Spiced Apple Pecan Cake

Spiced Apple Pecan Cake

A comforting, single-layer cake boasting a remarkably tender crumb infused with warming cinnamon and nutmeg. Soft, caramelized pockets of apple and toasted pecans offer an irresistible textural contrast perfect for crisp weather.

1h 25mEasy1 9-inch cake

Equipment

Oven
9-inch round cake pan
Parchment paper
Medium mixing bowl
Stand mixer*
Whisk
Rubber spatula
Wooden skewer
Wire rack

* optional

Ingredients

8 servings

Dry Ingredients

  • 250 g all-purpose flour
  • 10 g baking powder
  • 2 g baking soda
  • 3 g kosher salt
  • 4 g ground cinnamon
  • 1 g ground nutmeg

Wet Ingredients

  • 115 g unsalted butter, room temperature
  • 150 g granulated sugar
  • 50 g light brown sugar, packed
  • 2 eggs, room temperature
  • 10 ml vanilla extract
  • 120 g sour cream, room temperature

Fold-ins

  • 300 g apples, peeled, cored, and cut into 1cm dice
  • 80 g pecans, toasted and chopped

Nutrition (per serving)

455
Calories
6g
Protein
57g
Carbs
23g
Fat
3g
Fiber
30g
Sugar
374mg
Sodium

Method

01

Preheat the oven to 175°C (350°F). Grease a 9-inch round cake pan and line the bottom with parchment paper.

02

In a medium mixing bowl, vigorously whisk together the all-purpose flour, baking powder, baking soda, kosher salt, ground cinnamon, and ground nutmeg until perfectly uniform.

1m
03

In the bowl of a stand mixer fitted with the paddle attachment, cream the room temperature butter, granulated sugar, and light brown sugar on medium-high speed until pale, light, and distinctly fluffy.

3m
04

Add the eggs to the butter mixture one at a time, beating well after each addition until fully incorporated, then mix in the vanilla extract.

2m
05

Reduce the mixer speed to low. Add one-third of the dry ingredients, followed by half of the sour cream. Repeat, ending with the final third of the dry ingredients. Mix just until the last streaks of flour disappear.

2m
06

Remove the bowl from the mixer and use a rubber spatula to gently fold in the diced apples and toasted chopped pecans, ensuring they are evenly distributed without deflating the batter.

07

Transfer the thick batter into the prepared cake pan, using the spatula to smooth the top into an even layer.

08

Bake in the preheated oven at 175°C (350°F) for 45 minutes, or until the top is deeply golden brown and a wooden skewer inserted into the center of the cake comes out completely clean.

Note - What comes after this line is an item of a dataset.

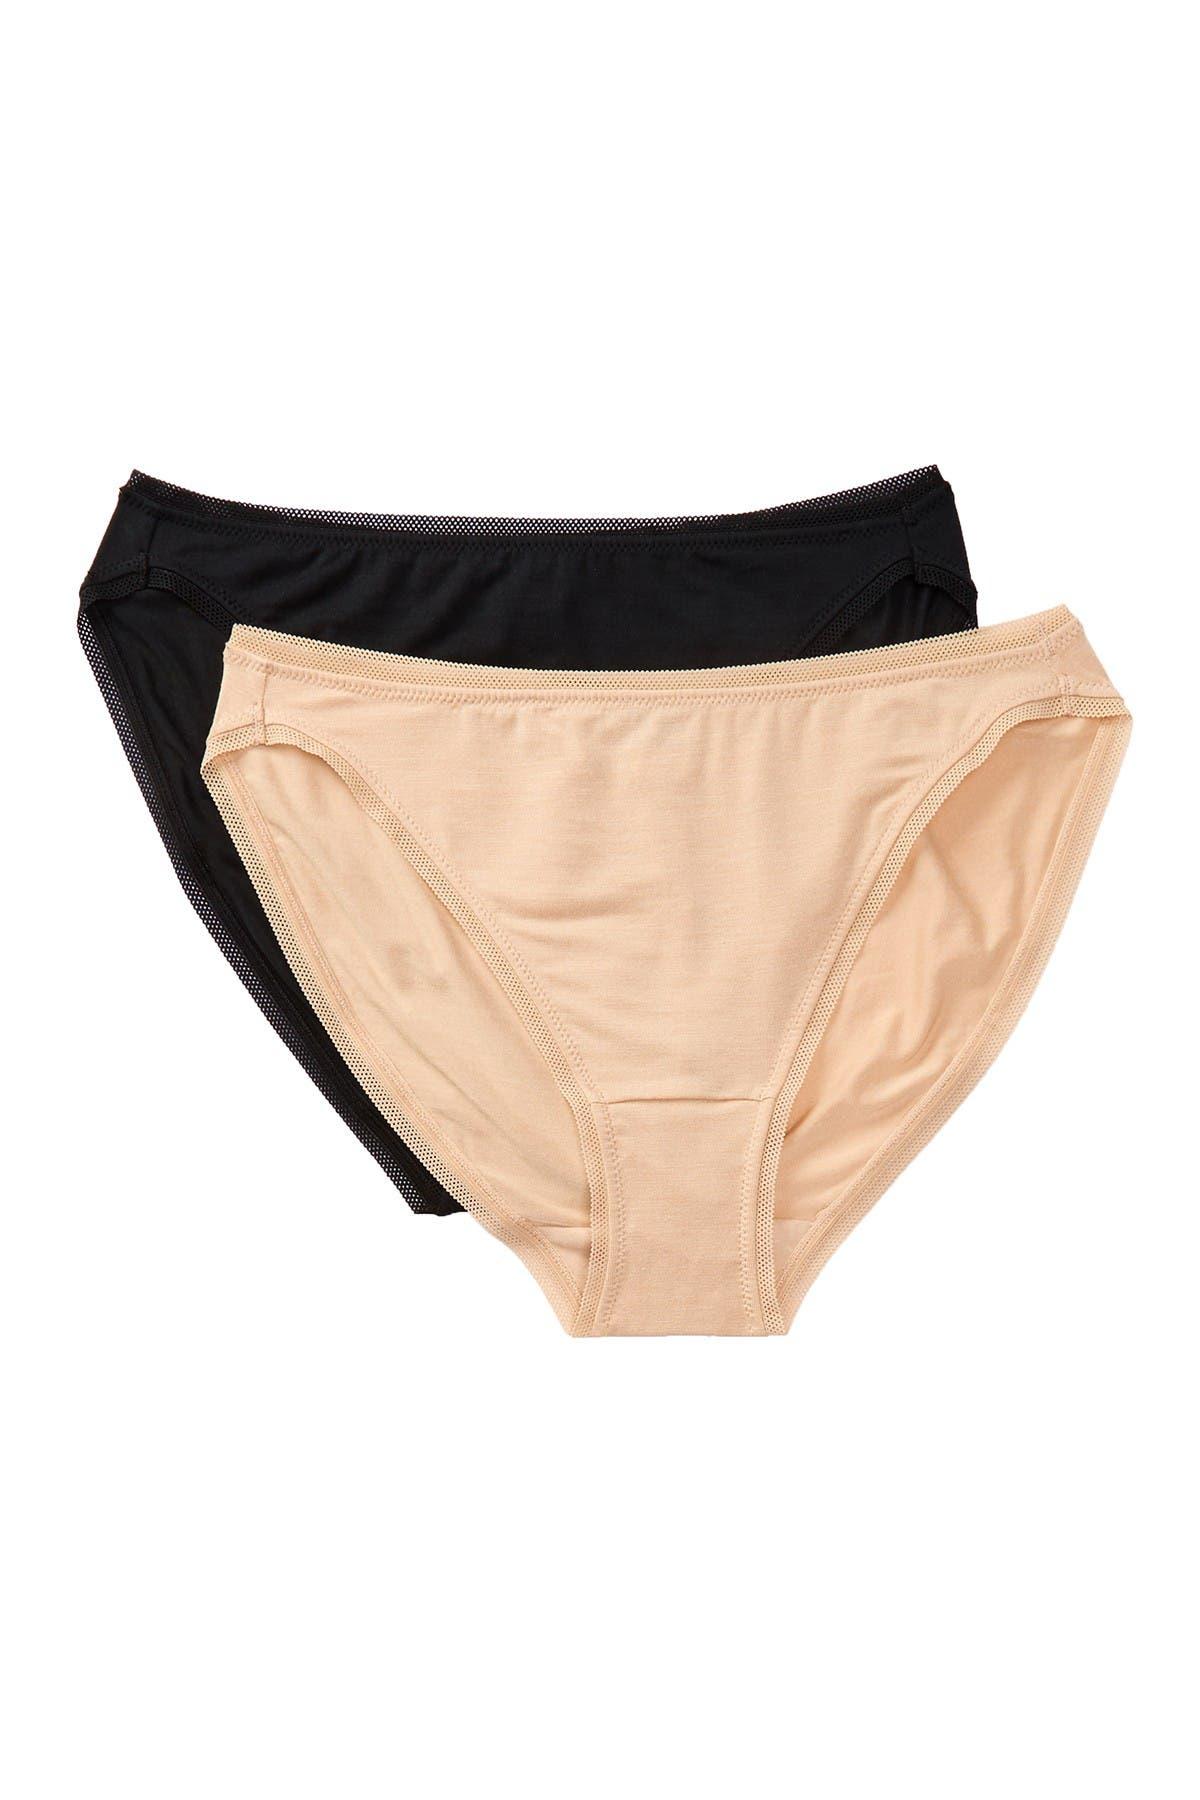 Image of Felina So-Smooth High Cut Panties - Pack of 2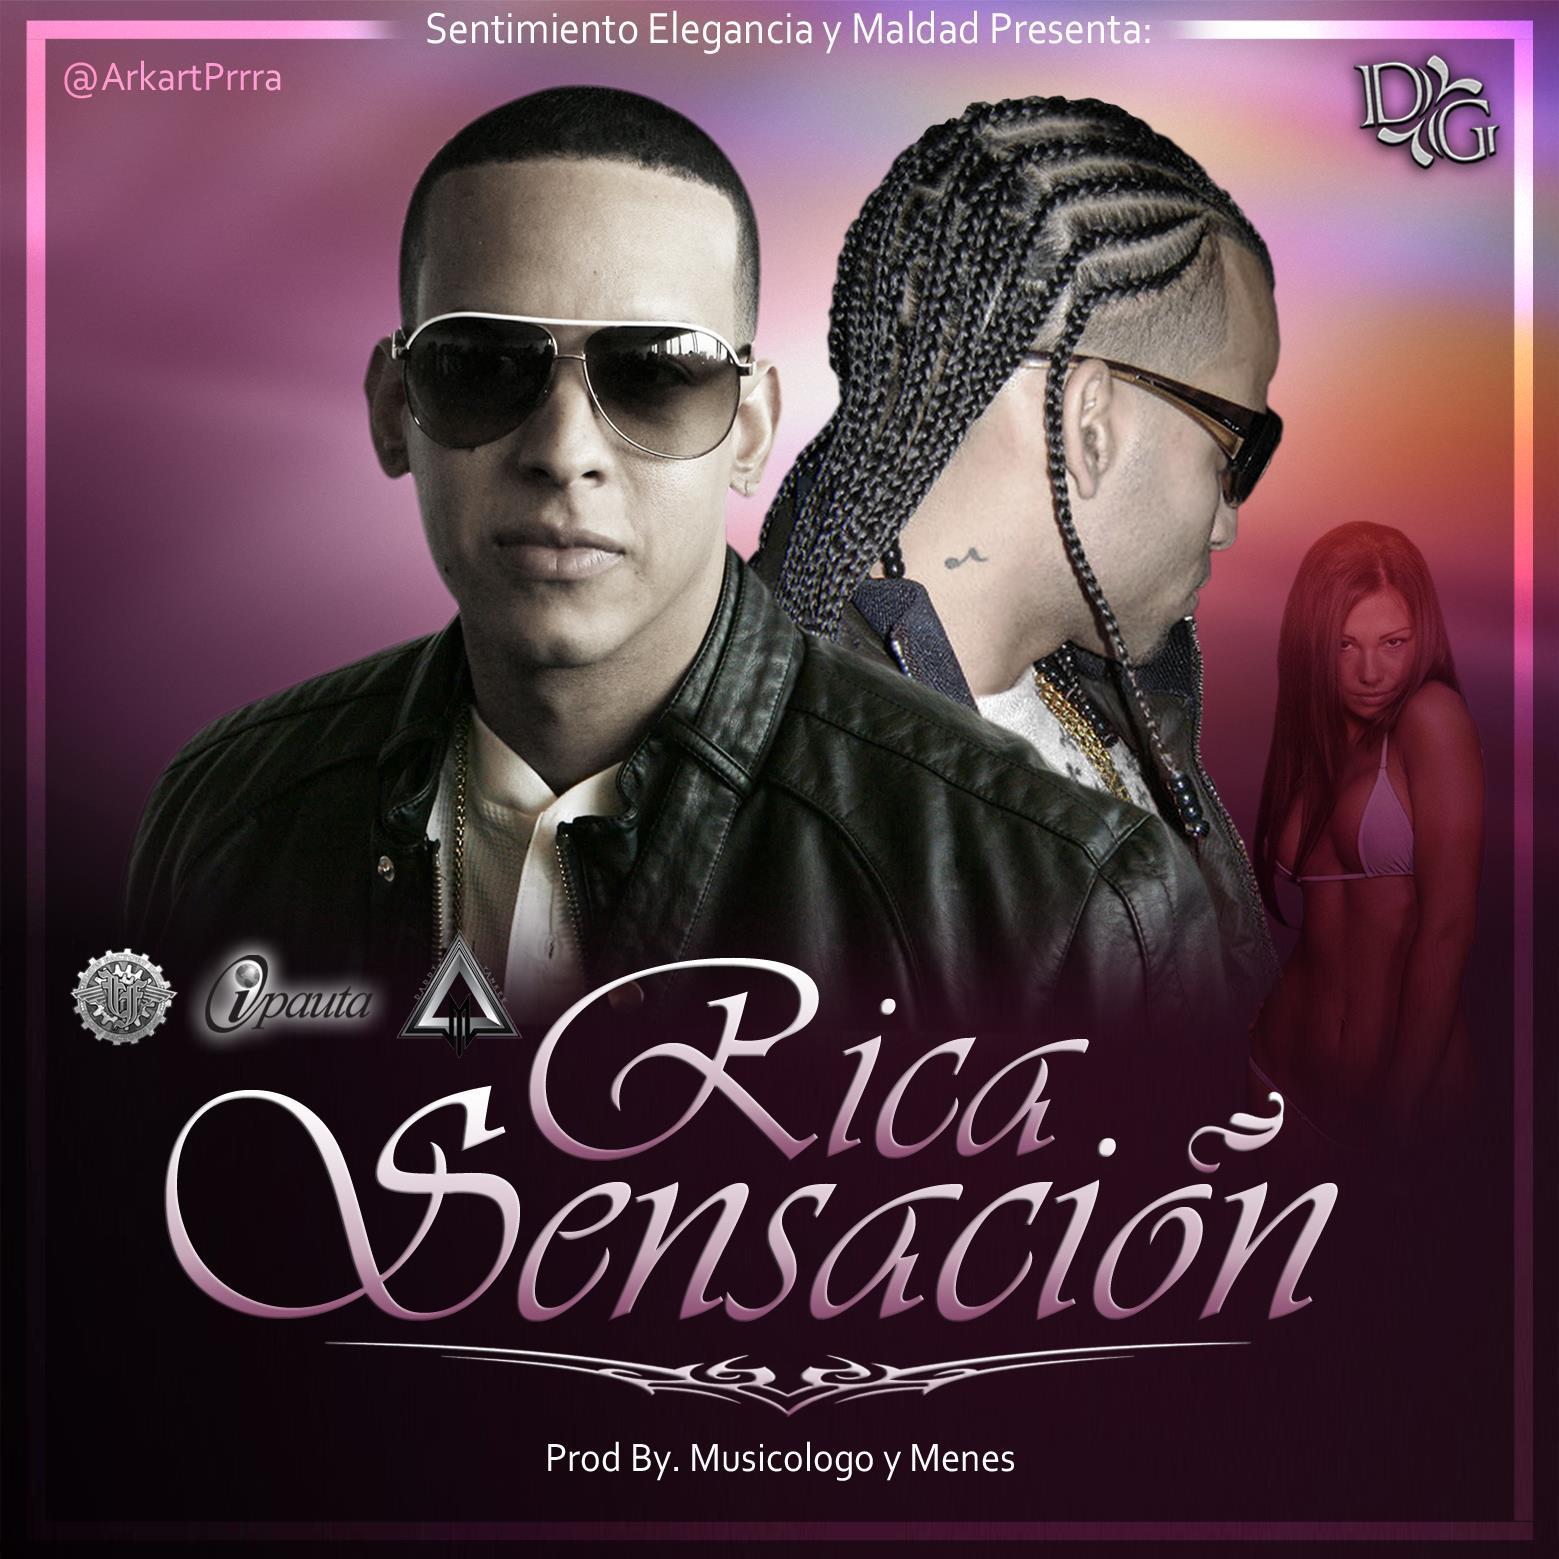 Guaya arcangel ft daddy yankee mp3 download

45mLook for: deeply golden brown across the topFeel: springs back slightly when gently pressed in the center
09

Remove the cake from the oven and allow it to cool in the pan for 15 minutes. Run a thin knife around the edges, carefully turn the cake out onto a wire rack, discard the parchment paper, and let it cool completely before serving.

15m

Chef's Notes

  • Toasting the pecans prior to adding them to the batter is essential; it draws out their natural oils, enhances their nutty flavor, and keeps them crisp against the moisture of the apples.
  • Using a mix of sweet and tart apples, such as combining Honeycrisp and Granny Smith, yields a significantly more complex flavor profile and superior texture.
  • The batter will appear quite thick, almost like a cookie dough, once the dry ingredients are added. This high viscosity is intentional and prevents the heavy fruit and nuts from sinking during the bake.
  • Room temperature dairy ensures a stable emulsion when creaming the butter and sugar. This traps air effectively, resulting in the cake's remarkably tender, fine crumb.

Storage

Refrigerator: 5 daysStore in an airtight container to maintain maximum moisture.

Freezer: 3 monthsWrap the cooled cake tightly in plastic wrap, then a layer of aluminum foil.

Reheating: Bring to room temperature or microwave individual slices for 10 seconds before serving.